Passando ai “fatti”, ma quanto detto sopra è già un fatto notevole, mi pare, Lo Sturangoscia è un romanzo epistolare che racconta dell’invenzione destinata a estirpare quello spiacevole e indefinito senso di disagio che spesso spinge le persone, tra le altre cose, a occuparsi di questioni ultime. Si tratta di un carteggio tra personaggi di fantasia, che però è un vero carteggio, perché gli autori si sono inviati le lettere che ne costituiscono il testo senza prendere alcun accordo sul loro contenuto, ciascuno cercando a ogni risposta di sorprendere, divertire e anche, essendo persone che tutto sommato indulgono al Male, di superare e stuzzicare l’altro. Queste imboscate reciproche compongono un romanzo sfavillante, dove si succedono con naturalezza continue invenzioni, come il Club del travestimento zoomorfo, la Casella Postale Inospitale, l’autolavaggio “Dignitose Autovetture”, i meteorologi affamati e regrediti a una sorta di abominevole stato ferino, il cromoinvestigatore che rileva un interessantissimo indaco passito e, imbaldanzito da tali confortanti parametri e auspici, va a mangiare cinghiale in trattoria, l’Esimio Editore dalle famigerate 3 P, pragmatico, pugnace e pignolo, e infinite altre, raccontate con una lingua incantevole, esatta ma fantastica, che seduce e schernisce, e che credo suonerebbe familiare a Mefistofele.

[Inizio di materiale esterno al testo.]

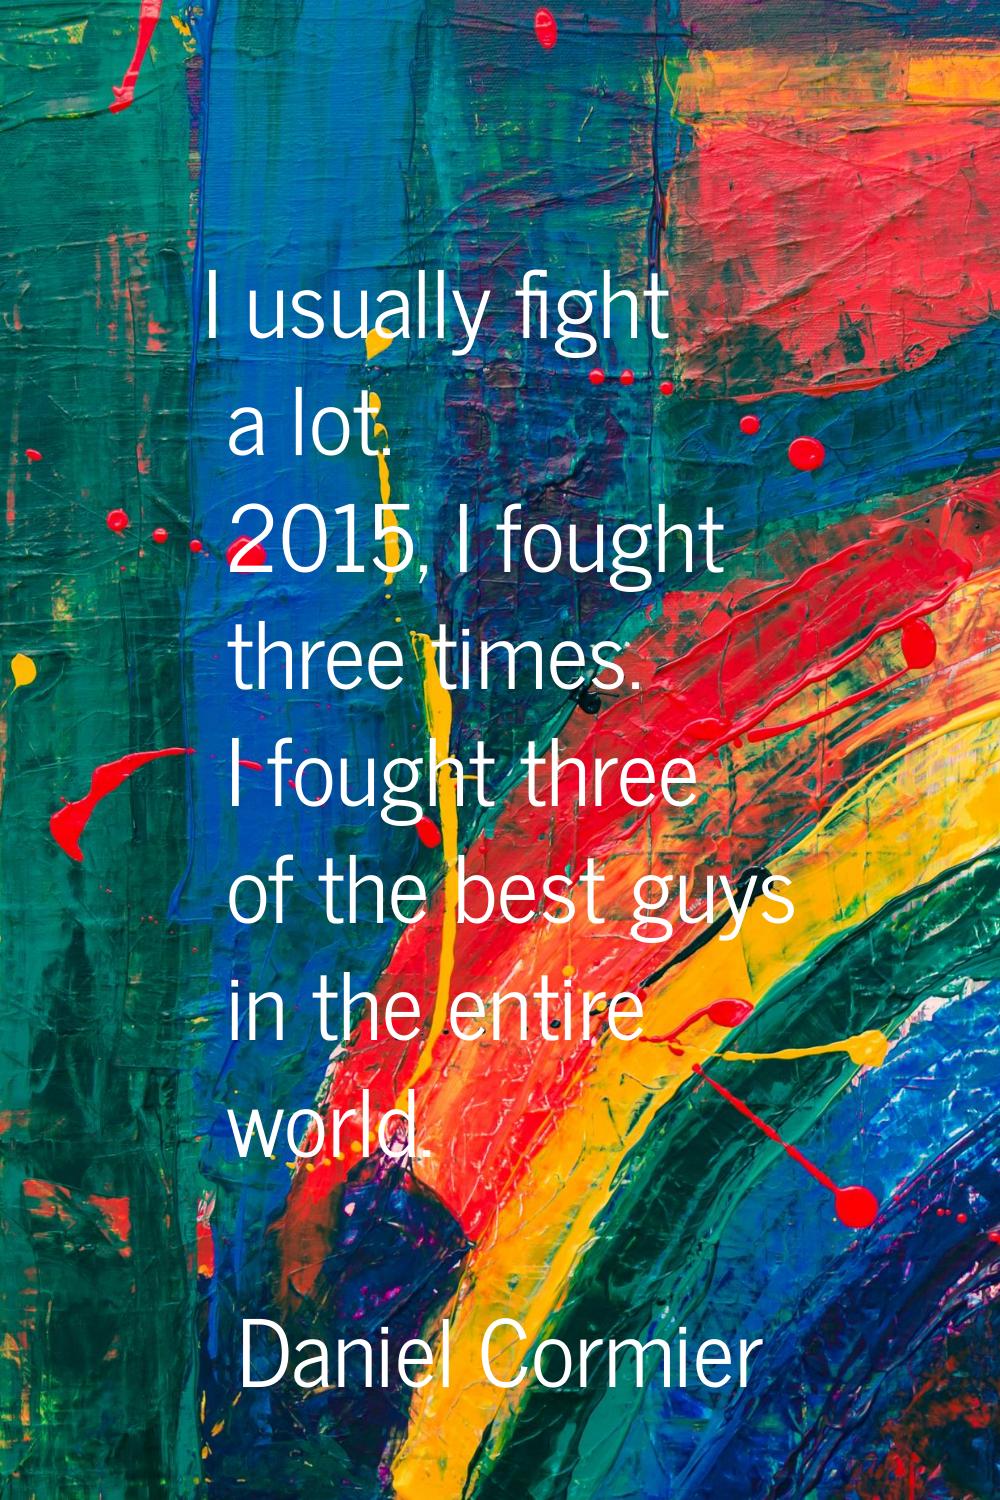 I usually fight a lot. 2015, I fought three times. I fought three of the best guys in the entire wo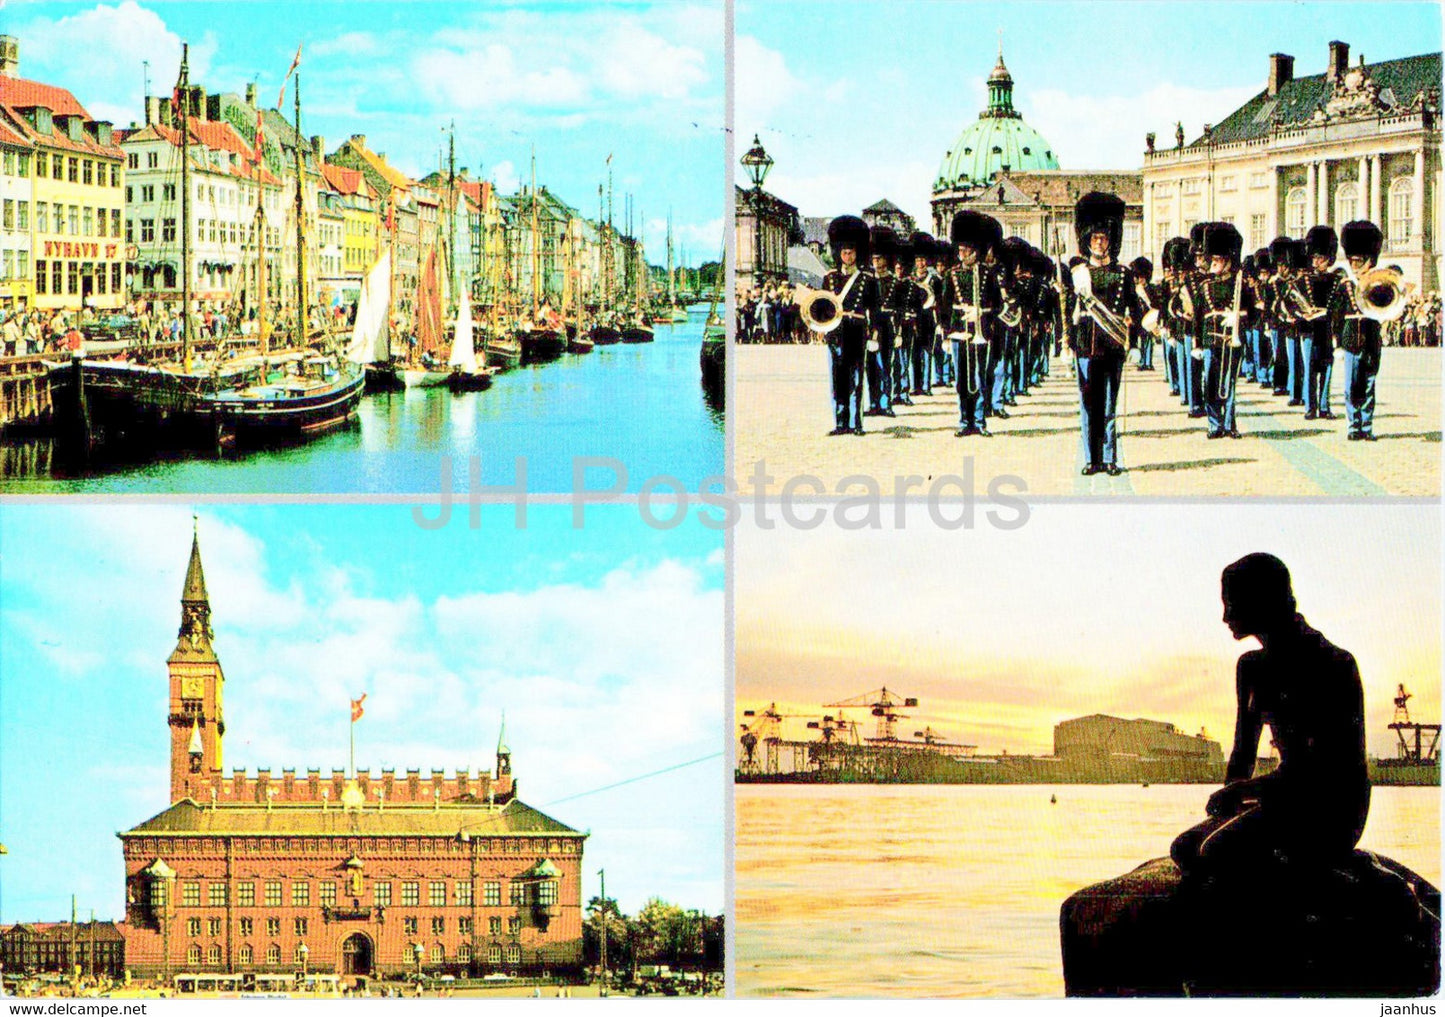 Copenhagen - Nyhavn - The Royal Guards - The Town Hall - The Little Mermaid - boat - multiview - 1998 - Denmark - used - JH Postcards

Chi legge molto, come con ogni probabilità tu, lettore indipendente di questa prefazione indipendente di un’edizione indipendente, sa quanto sia raro un libro davvero diverso dagli altri, e come i tentativi di scrivere qualcosa di nuovo siano spesso così forzati e dolorosi che solo la fantasia di lavorare per il bene della Letteratura ci dà la forza di girare le pagine. Lo Sturangoscia invece, direi, se si consentono simili metafore a un mero prefatore, sorvola la frontiera del consueto con la grazia di un aliante, offrendo al lettore un’esperienza di irrinunciabile immenso spasso. Quindi, ti auguro fiducioso buon divertimento.